In some cases, tablets may exist without an associated vector index file, for example, when an index is created after data has already been inserted. When this happens, users can bring the table fully up to date by running VACUUM (REINDEX=TRUE), which identifies any tablets without vector index files and builds the missing index files. This operation is fully transactional: it integrates cleanly with concurrent workloads and ensures that the index state always corresponds exactly to a well-defined snapshot of the table. For an explanation of how Firebolt handles tablets without index files during searches, see the section on handling unindexed tablets.
Firebolt’s internal bookkeeping ensures that the presence or absence of index files is always tracked precisely. Queries run against a coherent view of which tablets are indexed and which are not, even as data is inserted, deleted, merged, or reindexed in parallel. As a result, the system consistently returns correct results and maintains strong transactional semantics, without requiring users to manage index consistency manually or forfeit data consistency.
Best Practices for High-Performance Vector Indexing
Getting the best out of Firebolt’s vector search indexes comes down to two main aspects: making sure the index files fit in memory, and structuring the table in a way that minimizes the amount of data scanned after the index lookup.
The first step is to ensure that your engine has enough memory to keep the vector index files fully in memory. You can check the size of each index through the uncompressed_bytes column in information_schema.indexes:
SELECT index_name, uncompressed_bytes, number_of_tablets
FROM information_schema.indexes
WHERE table_name = 'documents' and index_type = 'vector_search';Compare the reported index sizes with the defined cache size limit for vector search indexes.
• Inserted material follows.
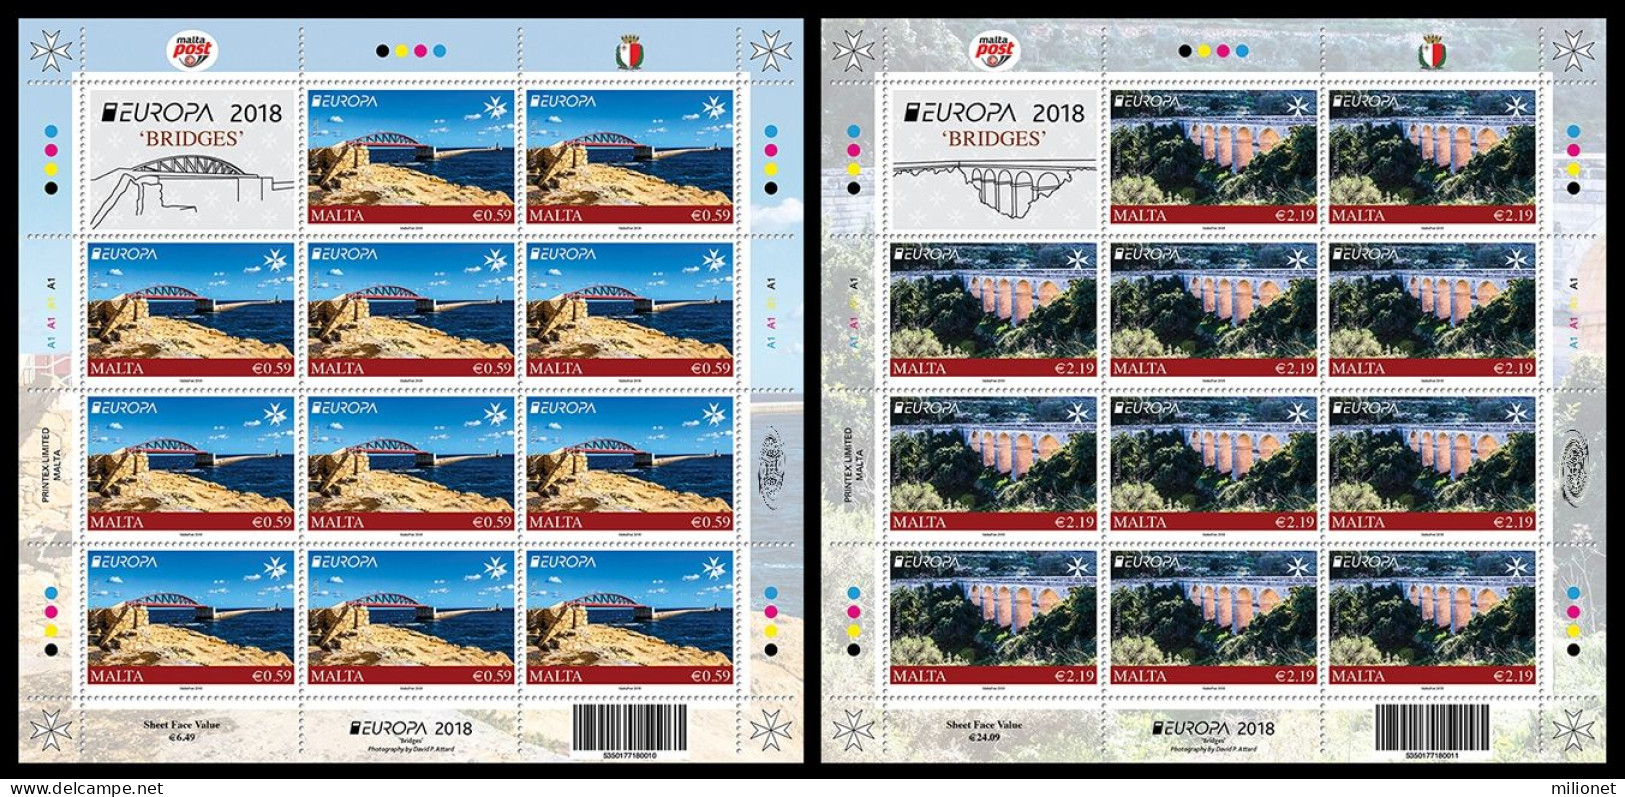 SALE!!! MALTA 2018 EUROPA CEPT BRIDGES 2 Sheetlets Of 11 Stamps + 1 Vignette MNH ** - 2018

SELECT sum(pool_size_limit_bytes) AS vector_index_cache_size_bytes
FROM information_schema.engine_caches
WHERE pool = 'vector_index' and cluster_ordinal = 1;Firebolt lets you configure how much of that memory should be used for caching vector index files using the engine-level VECTOR_INDEX_CACHE_MEMORY_FRACTION configuration:
ALTER ENGINE my_engine
SET VECTOR_INDEX_CACHE_MEMORY_FRACTION = 0.6;
-- up to 60% of the each node's memory can be used for caching vector search indexesIf an index is too large to fit into memory after appropriate engine sizing, the next lever to consider is adjusting the HNSW index parameters to reduce its memory footprint. The M parameter controls the connectivity of the graph used for nearest neighbor search: lowering M reduces memory consumption and index size, at the cost of slightly lower recall. Using a different QUANTIZATION in the index can also substantially reduce its size by storing compressed vector representations, with a small decrease in accuracy. These adjustments give you flexibility to fit indexes for large tables into memory by trading off memory requirements for accuracy.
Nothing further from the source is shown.